Раненая девушка-солдат. Сколько боли у тебя в глазах. Милый взгляду человечек, совсем неизвестный мне. Если бы не подобранная тетрадка со стихами и сказками, то наверное, мы бы никогда и не встретились. Я искал своего солдата, заглянул в палату, а ты лежишь с загипсованной ногой. Всё уже позади: крик, страх, боль. Тебя некому проведать. Ты одна в этой стране, как и я по большому счёту. Цветов нет, гипс не разрисован детской рукой. Значит, ты не мама, не сестра, не любимая, а просто красивая девочка. Рядом пикает кардиограмма. Из носа торчат трубки, а в вену капает лекарство из пакетика над тобой. Как-то видел тебя мельком на присяге. Даже не думал, что увижу снова. Мой милый ангел, я пришёл, а ты лежишь в кровати руки по швам. Белое одеяло, оно не должно пахнуть больницей, у него должен быть запах дома. Закрытые глаза. Я тебе неизвестен, но я не хочу, чтобы ты видела сны о войне. Пусть они будут о счастье. Забыл, что шёл вовсе не к тебе. Сел рядышком на стул и смотрю на милое лицо. Как мне знакомо твоё одиночество. Осторожно коснулся хрустящей белизны больничного покрывала. Строгий взгляд врача заставил отдёрнуть руку.

Чем-то похожий на Саню, он беззвучно вошёл в палату с синей папочкой в руках.

– К ней никто не приходит?

– Нет.

Протерев очки, наверно, чтобы лучше рассмотреть странного гостя, хозяин отделения не сводит с меня глаз.

– Что-то серьёзное.

– Да как сказать. У неё раздроблена кость на ноге и сквозное ранение в живот.

– Доктор я посижу здесь чуть-чуть.

– А вы кто ей будете?

– Никто. Так, случайный воин, который вчера был рядом, когда за ней прилетел вертолёт. Я подобрал выпавшую у неё тетрадку. Потом пытался её разыскать. И вот сейчас встретил её отряд «лисы пустыни». Они возвращались с дежурства. От них и узнал где она.

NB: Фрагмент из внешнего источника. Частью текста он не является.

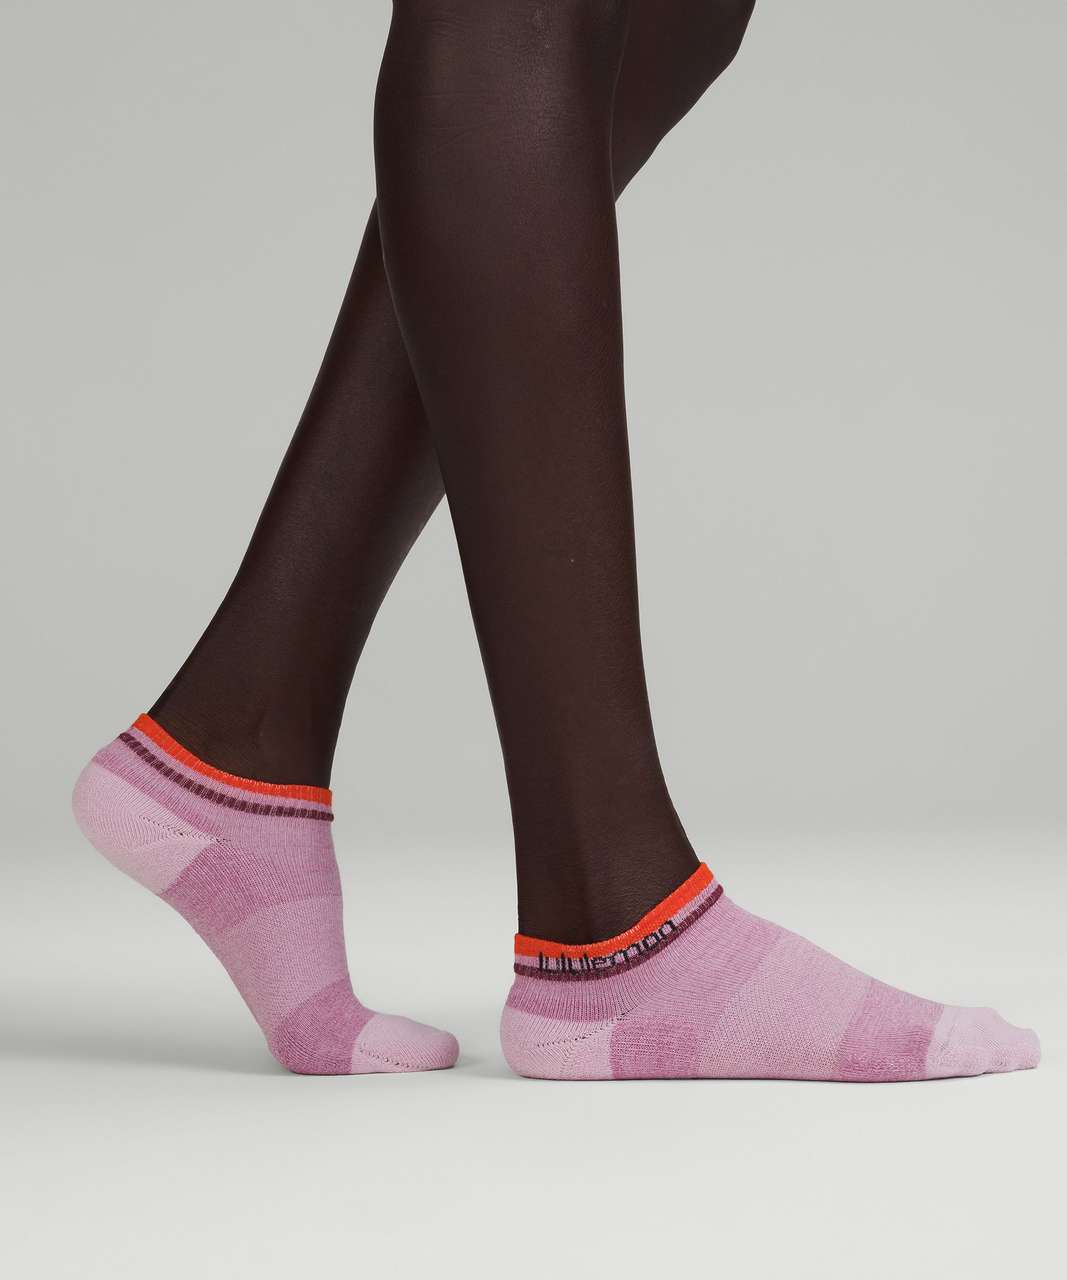 Lululemon Womens Daily Stride Comfort Ankle Sock *3 Pack - Velvet

– А что там? Позвольте полюбопытствовать.

– Стихи и сказки.

– Стихи и сказки?

Я не слышал вопроса доктора. Оценивал рану «лисы пустыни».

– Повезло.

– Ну да, солдат.

– Жаль, что в тот момент нас не было рядом.

– Хорошо, побудьте возле неё, но не долго.

Врач, судя по всему, тоже бывал в бою. Не в этом вчерашнем, а в каком-то другом. Он понял всё.

– Братство волков, – больше не сказал ничего и вышел. Потом на секунду заглянул опять: – Только прошу вас, потише.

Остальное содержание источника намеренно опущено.